Thanks for the thoughts. I'm still not sure what's going on, but have decided that doing nothing may be about as effective as doing _anything_ just to make me feel better about the whole thing. I will update again when I next inspect them.

GH


----------



## Wolfer (Jul 15, 2012)

Back when my Russians were more Russian than ferel they nearly always had a queen cell going. About the time it would hatch they'd tear it down and start another.
They haven't done that in the last few generations. I rekin their more ferel than Russian now.


----------



## Grasshopper (Apr 20, 2013)

Went back into them today and found a hatched queen cell and no sign of the old queen. They have about a frame of ready to emerge brood and the rest of it is becoming backfilled with nectar. I hope they get it right this time. I'll check them again in a couple weeks. If they're still not queen right, I'll probably combine them with another big colony.....


----------



## kilocharlie (Dec 27, 2010)

Just some guesses, Grasshopper - I think your first queen cell back in your original post did hatch and her sisters were tearing down her cell.
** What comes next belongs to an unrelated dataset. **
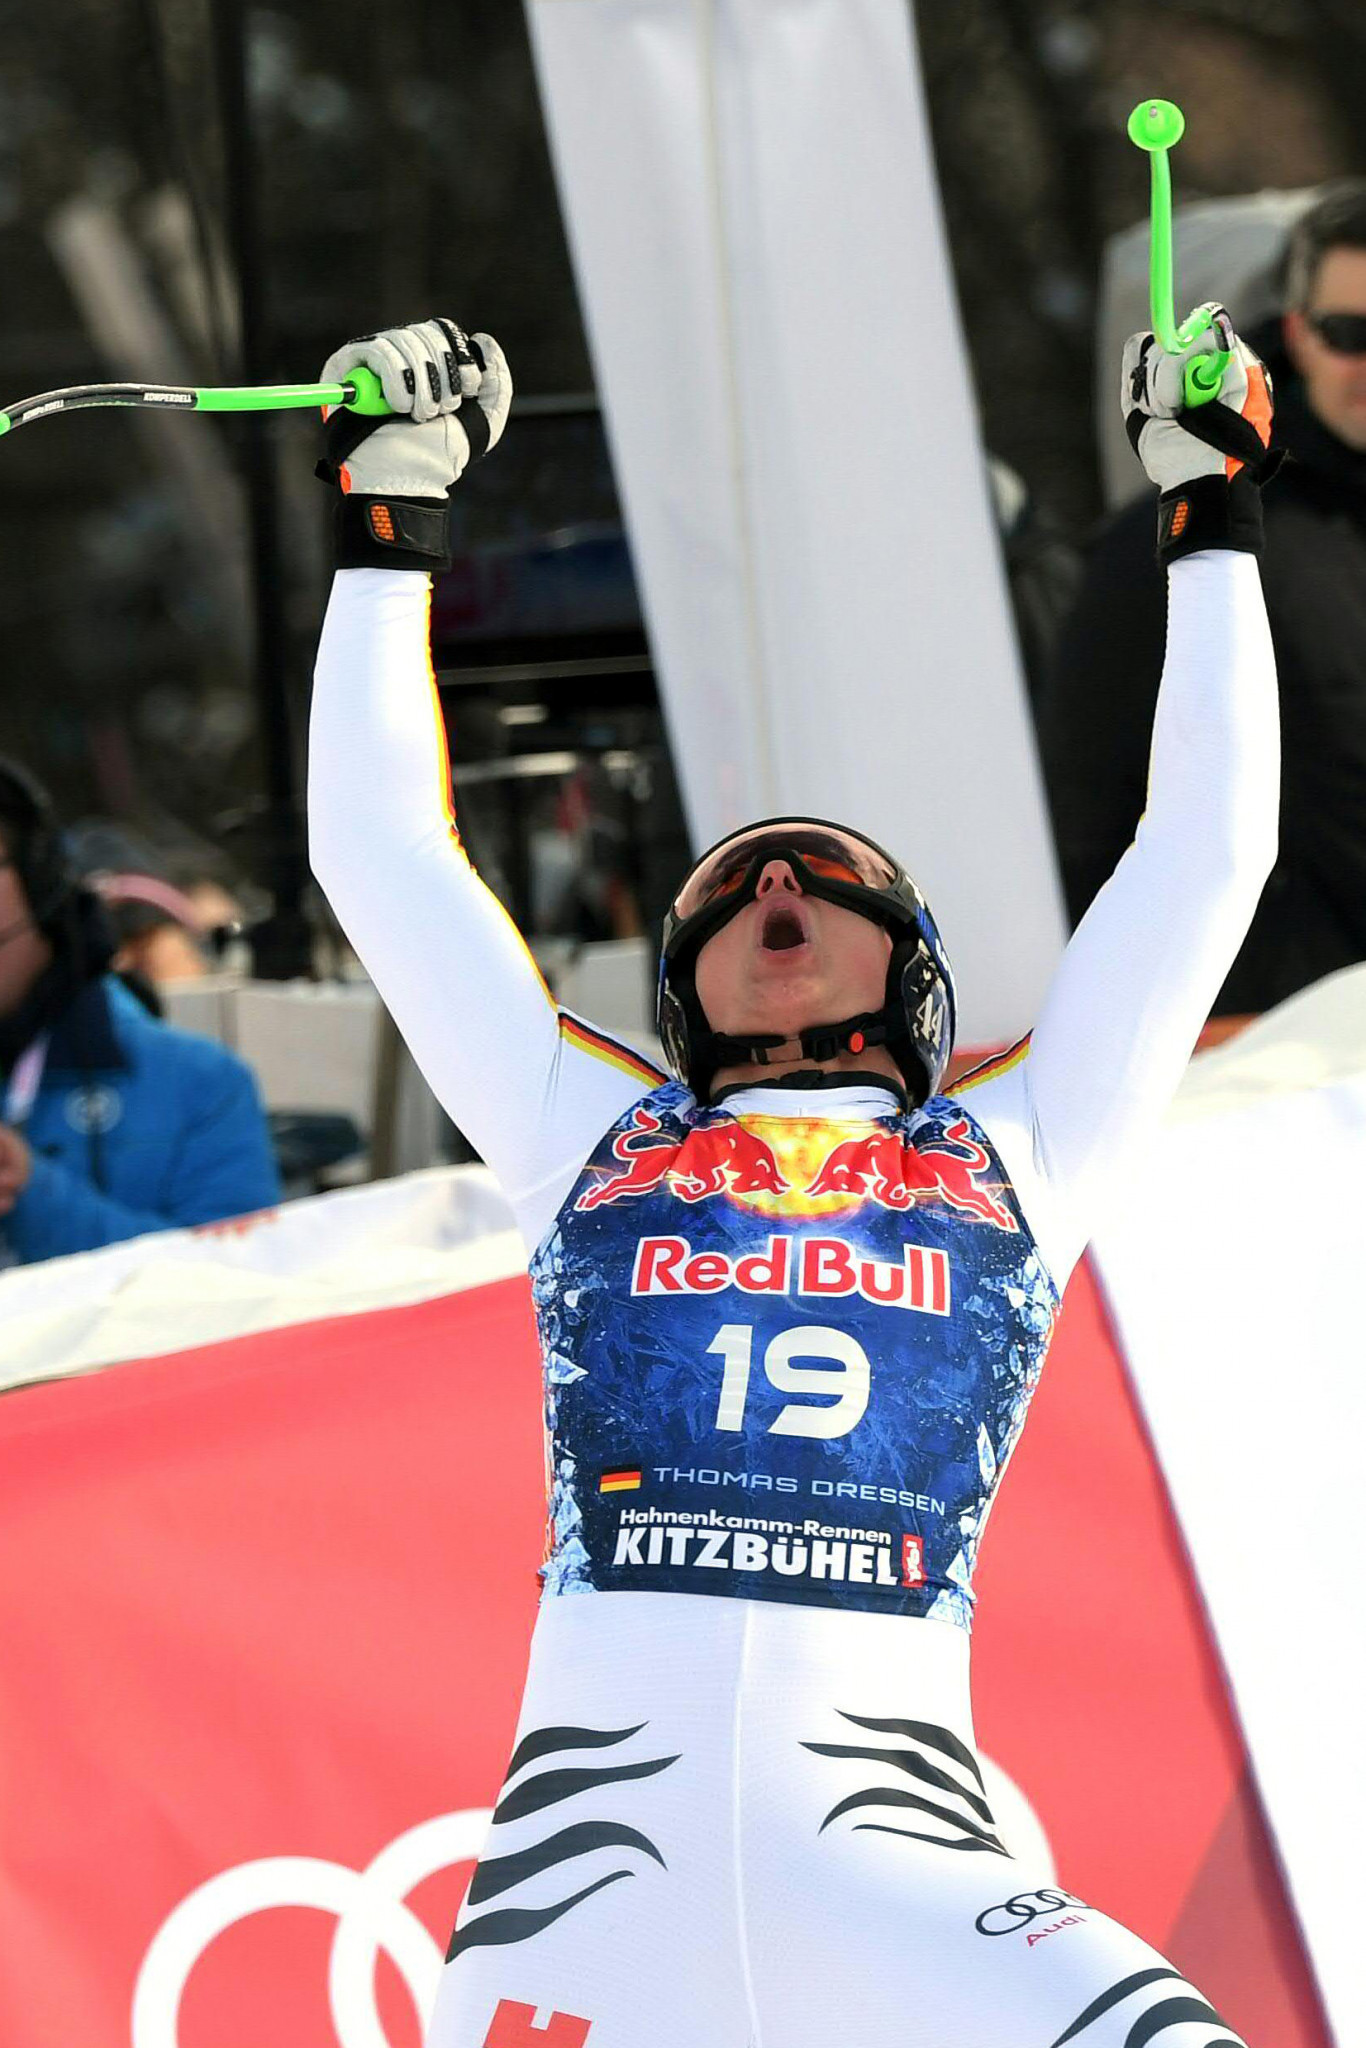 Germany's Thomas Dreßen claimed a shock downhill win in Kitzbühel ©Getty Images

The spotty brood pattern happens while combs are being rebuilt, when queens are still very young, and probably more often with Russians, especially early in the season or if a late cold snap happens. Any of these cases were probably no cause for alarm. I also would guess you had difficulty spotting any virgin queens - they are NOT easy to spot.

Your main sign to cue in on is the brood - if it is uncapped, a laying queen has been around recently. If there are eggs, she's been laying in the last 3 1/2 days.

Gotta watch those Russian colonies - once they get going, they build up about twice as fast as Italian colonies, and will swarm on you if you get complacent. I'd check Russians at least every 10 days. Good luck.


----------